Not too many things you can do for rears but there's enough workouts to isolate them....you gotta crush the rear delts frequently, heavy and light weight until failure, drop sets, etc...I love to do 

Seated bent over flys (on bench) using dumbells under the legs arms slightly bent do 4-6 sets of these for 12-16 reps. 

Standing rear cable flys..stand between two cables cross them (opposite side in opposite arm) and extend to squeeze the rear delts and hold them there do a bunch. 

Seated reverse cable fly machine ("peck deck" using chest fly machine but seated w/chest facing the upright bench) Go heavy on this one, at least 3 sets heavy for 6-12 reps, then drop set down until failure, make sure to squeeze and hold each contraction. 

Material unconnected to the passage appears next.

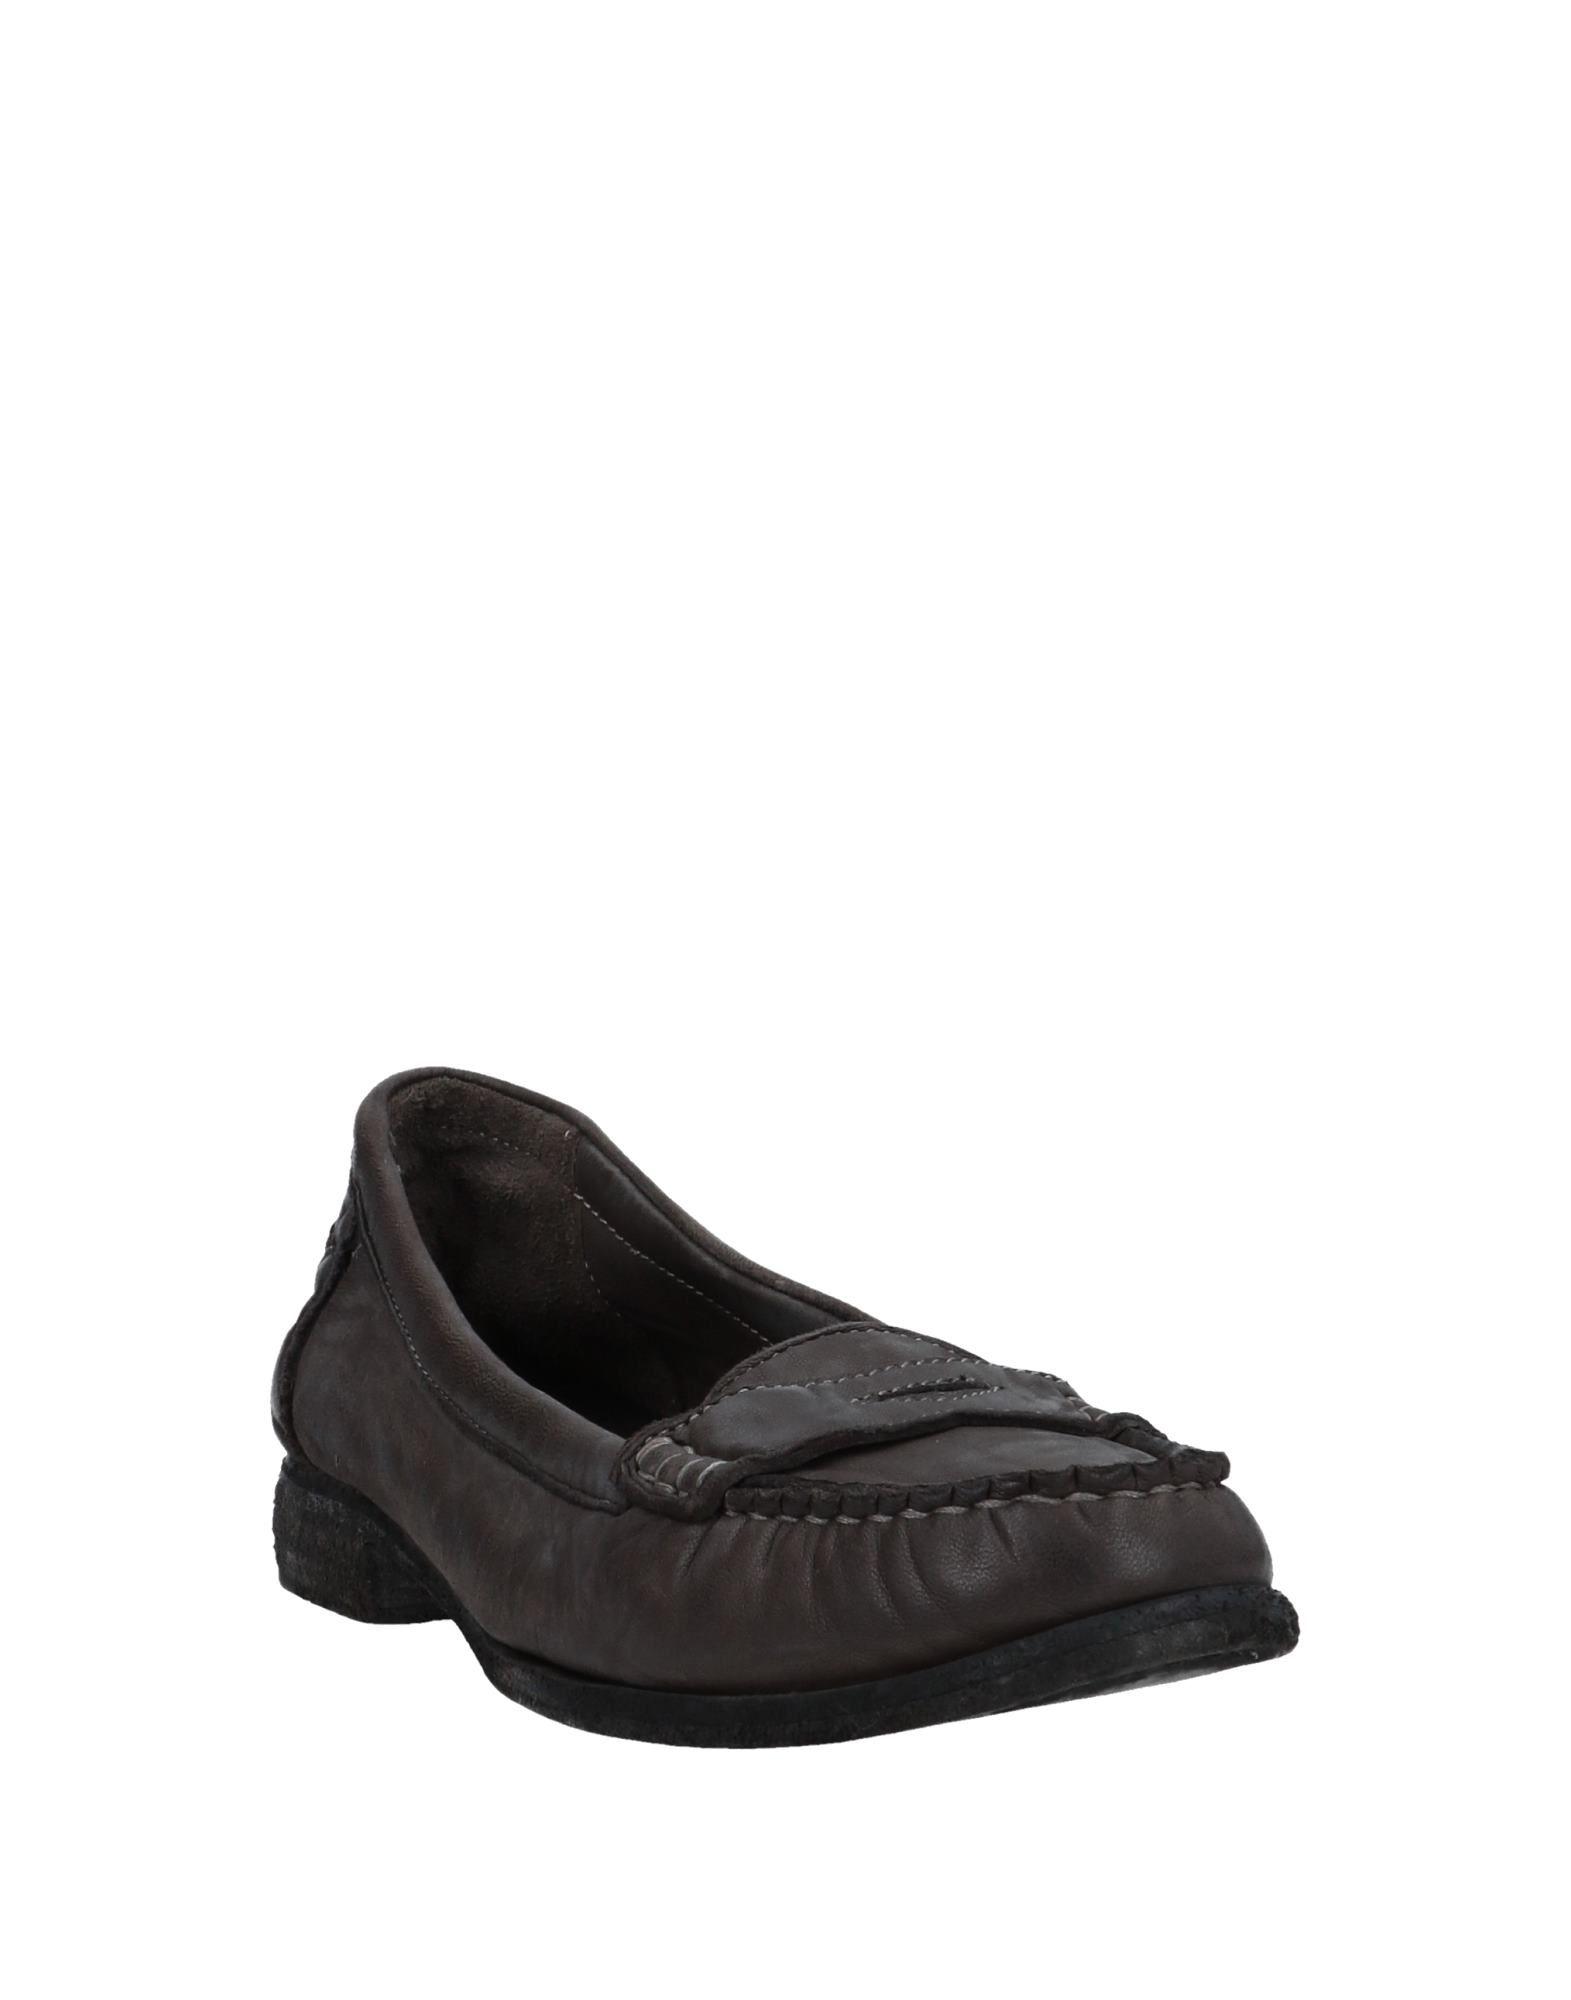 Stilvolle billige Schuhe Pantofola D'oro Mokassins Damen  11548684UN

This last one is my least favorite u gotta work with it to find that rear delt u will also be hitting medial delt but you can do standing leaning cable lateral raises behind the back..do quick google search if you don't know what it is. (btw idk if i name all these exercises correctly but thats what I call em).


----------



## saltylifter (Apr 16, 2016)

I do all kinds if rear delts 
Bent over db Flys
Bend over cable Flys
Reverse pec deck
The cable faceing rope pulls savage mentioned.
Lots more but u need to isolate them like anything else


----------



## BigGameHunter (Apr 16, 2016)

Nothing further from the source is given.